Work to be completed:
Give back each line of the data exactly as it reads, minus the pictures.

Collected data:
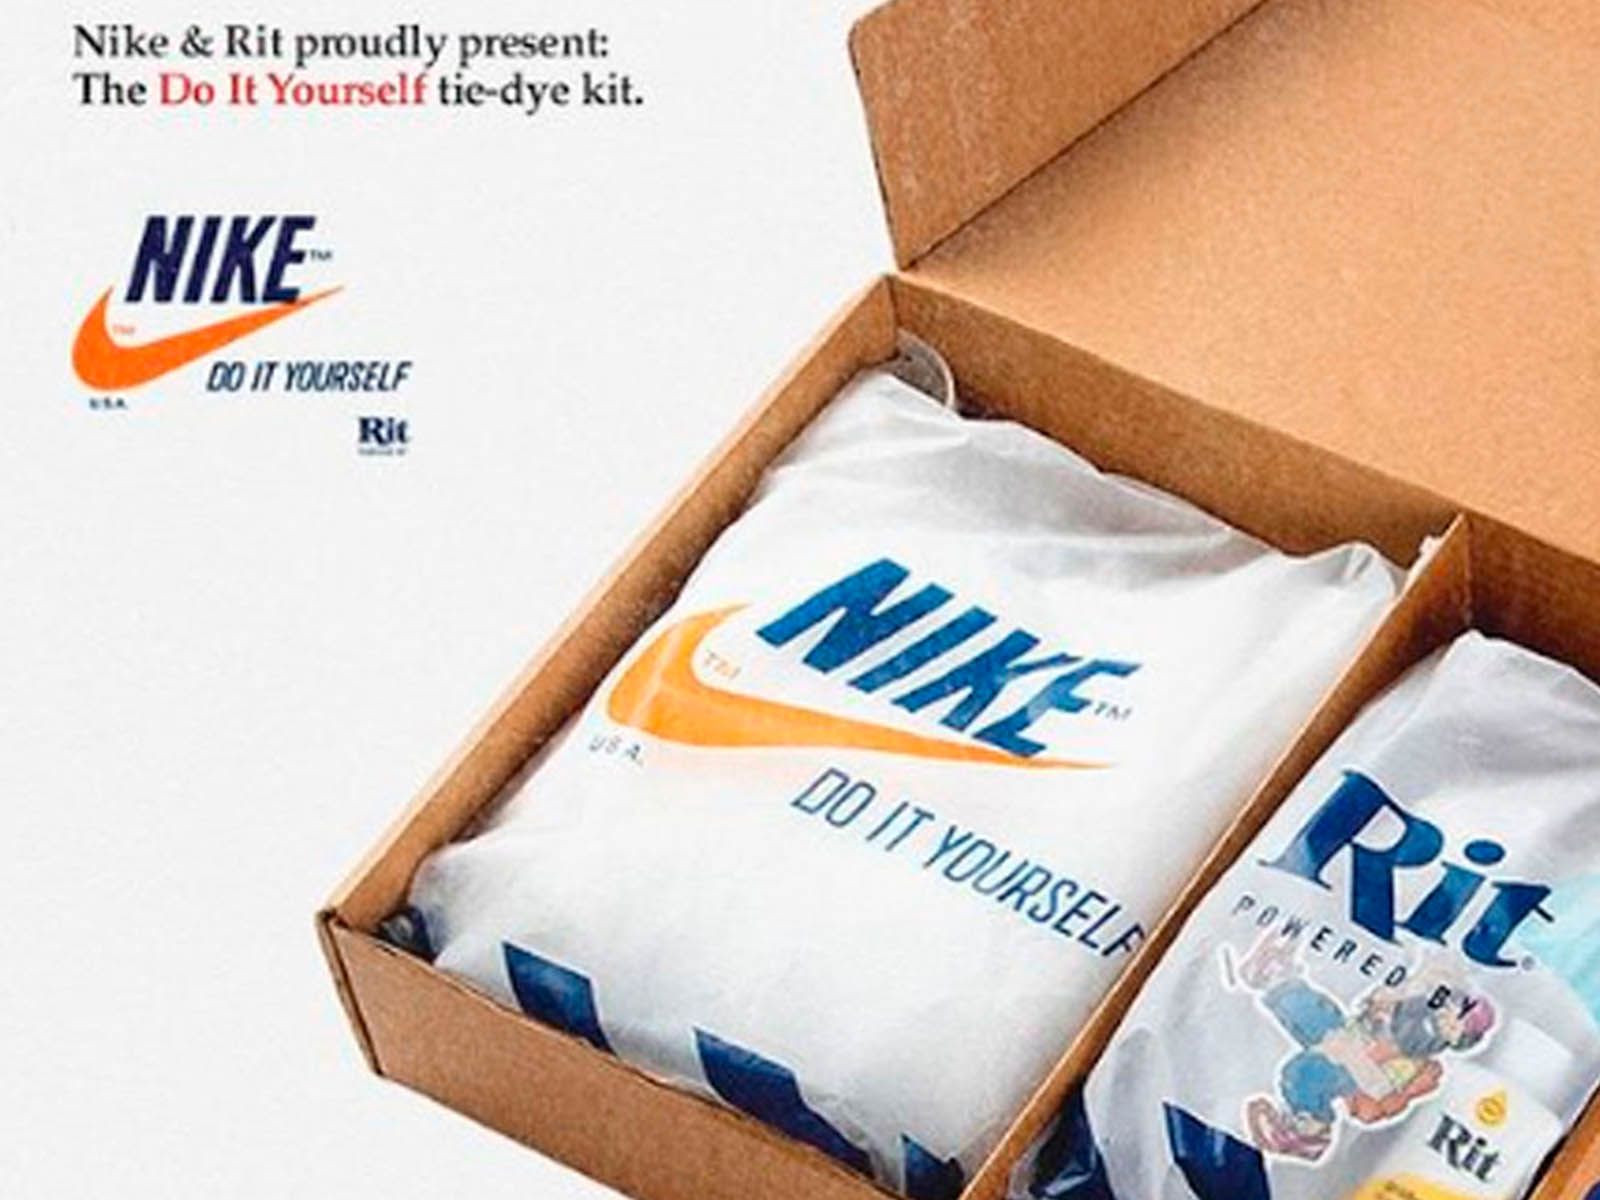 Nike Rit Dye se unen para lanzar un kit de -
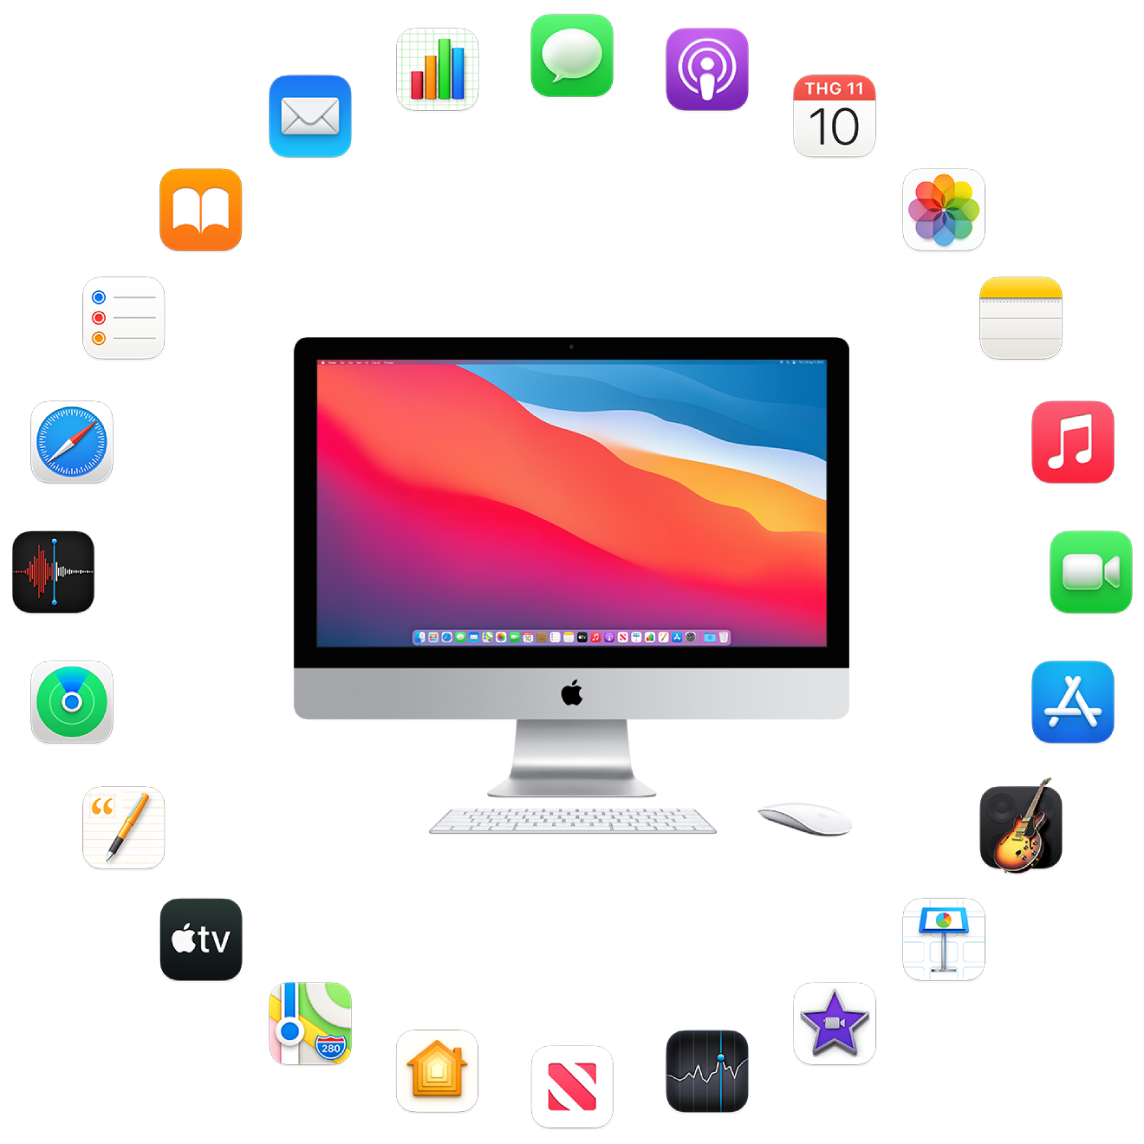 iMac được bao quanh bởi biểu tượng cho các ứng dụng tích hợp được mô tả trong các phần sau.
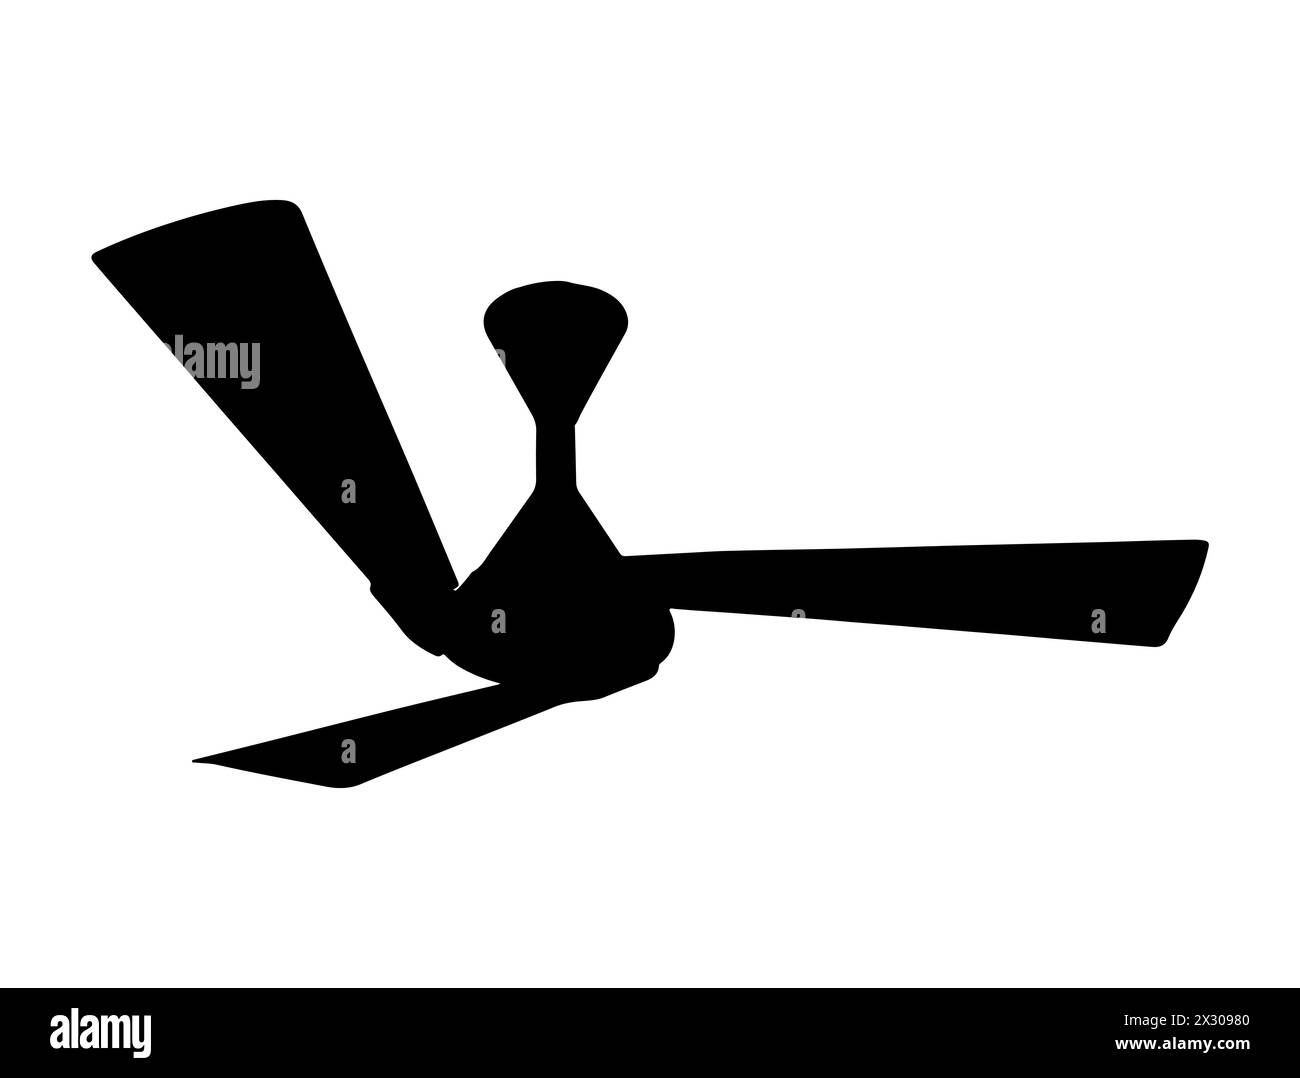 Disegno vettoriale silhouette ventilatore a soffitto Illustrazione Vettoriale

Output:
 Nike Rit Dye se unen para lanzar un kit de -
 iMac được bao quanh bởi biểu tượng cho các ứng dụng tích hợp được mô tả trong các phần sau.
 Disegno vettoriale silhouette ventilatore a soffitto Illustrazione Vettoriale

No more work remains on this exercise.